Insurers increased U.S. sales of “voluntary,” employee-paid group term life insurance 15% in 2006, to $293 million, as new sales of traditional, employer-paid group term life fell 2%, to $1.7 billion.

Employer loyalty to traditional employer-paid programs looked stronger for group life plans already in place: Although voluntary group term in-force revenue grew faster, increasing 10%, to $1.7 billion, traditional group term in-force revenue also grew, rising 5%, to $16 billion.

Researchers from Gen Re LifeHealth, a unit of General Re Corp., Stamford, Conn., reported these group life sales and revenue figures in a summary of results from a survey of 32 major U.S. group life carriers.

The relatively soft group life sales figures may be a result of the rapid increase in employers’ health coverage costs, according to Robert Hardin, chief group life actuary at Gen Re.

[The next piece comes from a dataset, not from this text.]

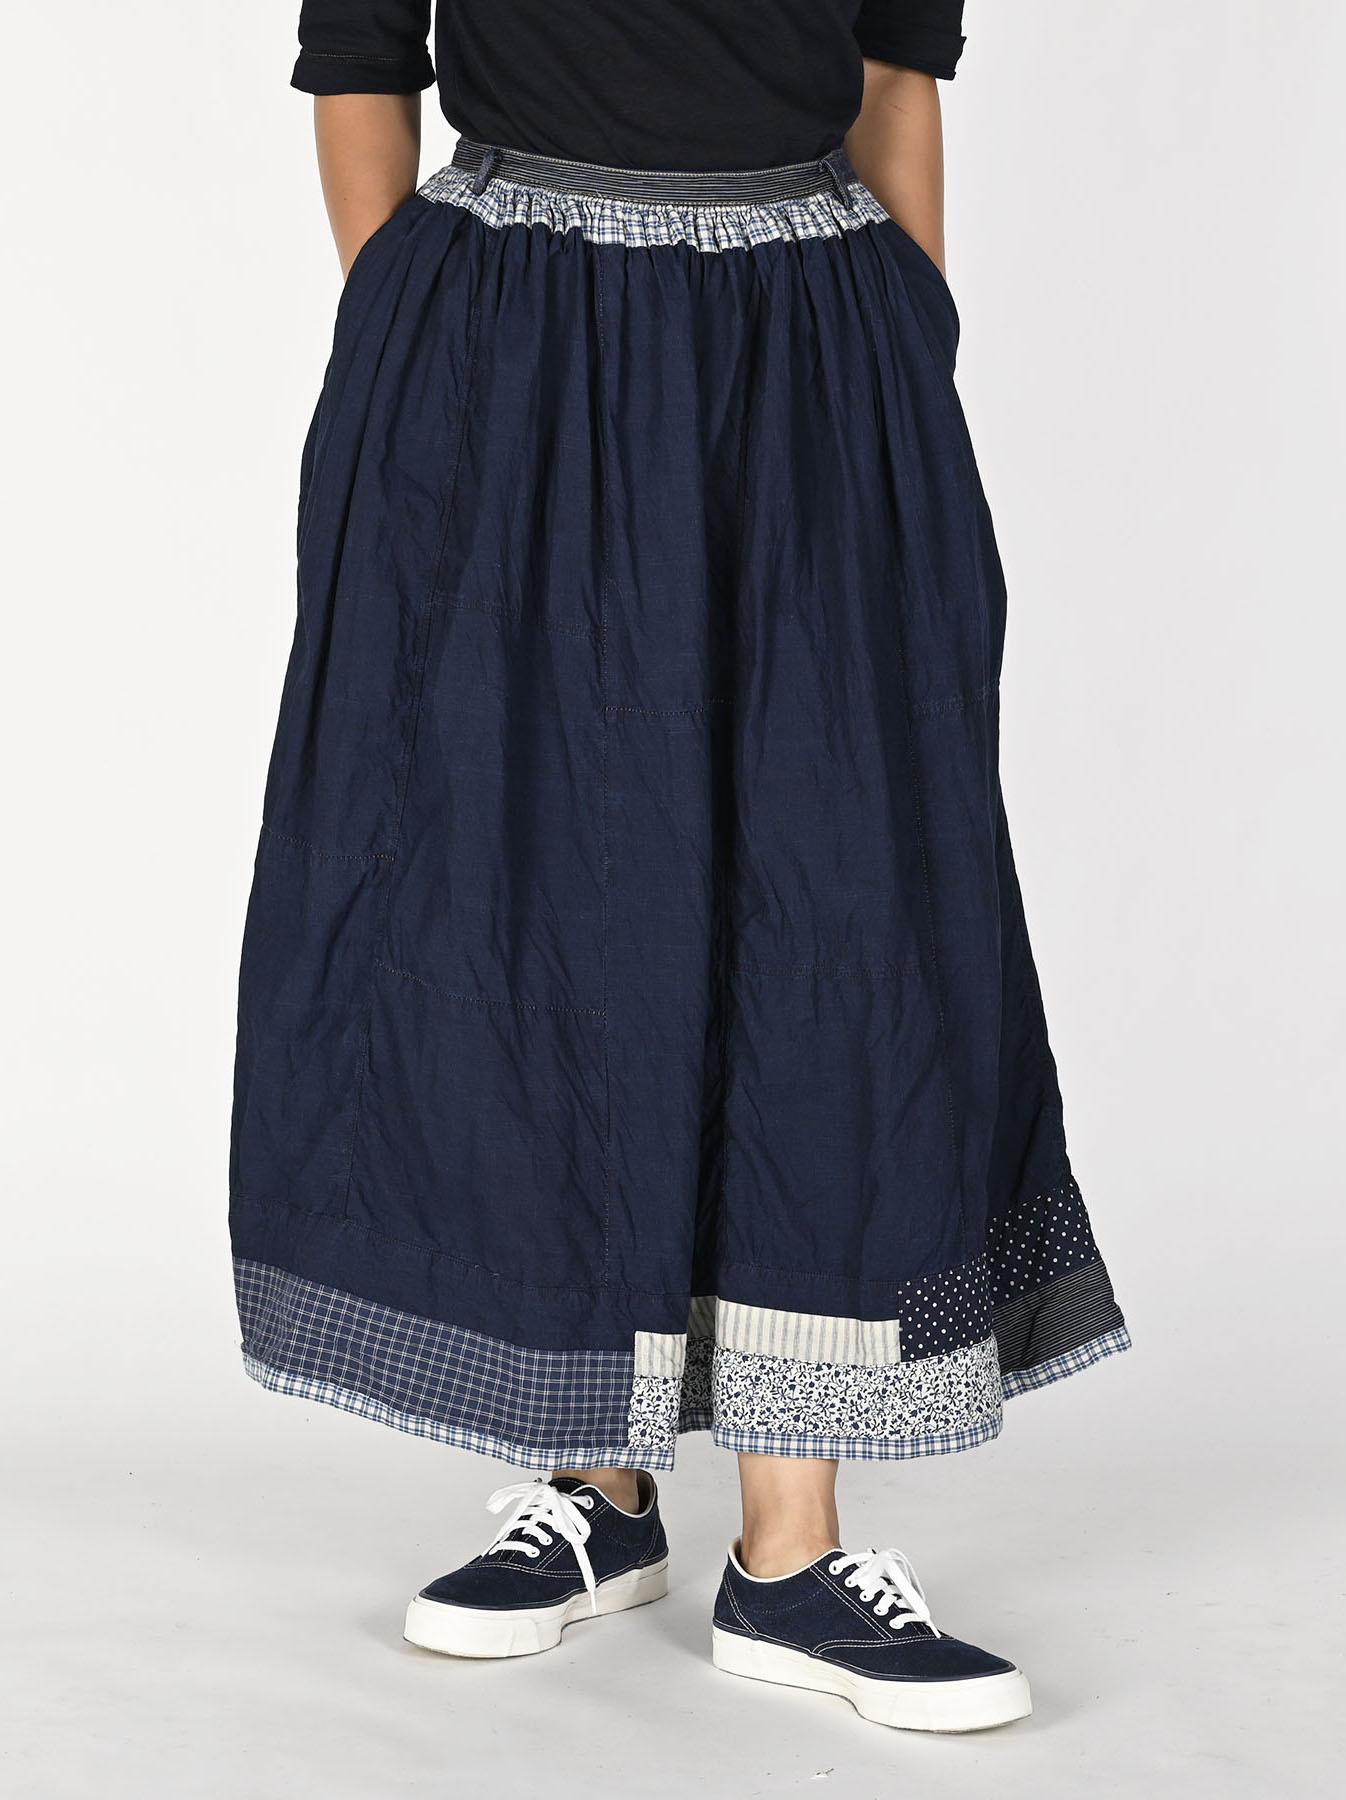 Indigo Tappet Patchwork Skirt-3

“Employers are getting pushed toward health care and away from things like group life insurance,” Hardin says.

Gen Re survey figures show the typical size of employers buying new traditional group life plans shrank in 2006. But, in many cases, the group life sales insurers have been making are to employers that already have group life coverage, Hardin says.

Group life insurers are selling some policies without life insurance benefits to employers, “but not nearly enough,” he adds.

The workers who do have access to traditional or voluntary group life plans may be getting better value, Hardin says.

Because the group life market is so competitive and mortality is improving, the median rate per $1,000 of group life insurance has continued to drop, Hardin says.

In 2006, Gen Re researchers found the average cost of new coverage was $145 per life for group life and $192 per life for voluntary life.

The average cost for in-force coverage was $177 for group life and $245 for voluntary life.

Although the Gen Re group life market survey discusses group life sales and in-force revenue, it does not directly address the topic of profitability.

In recent years, many insurers have made a point of letting revenue totals drop rather than taking business that appears to be priced too poorly to be profitable.

Gen Re is preparing to tell the rest of the group life market story in a profitability survey report that should be out in the next few weeks, Hardin says.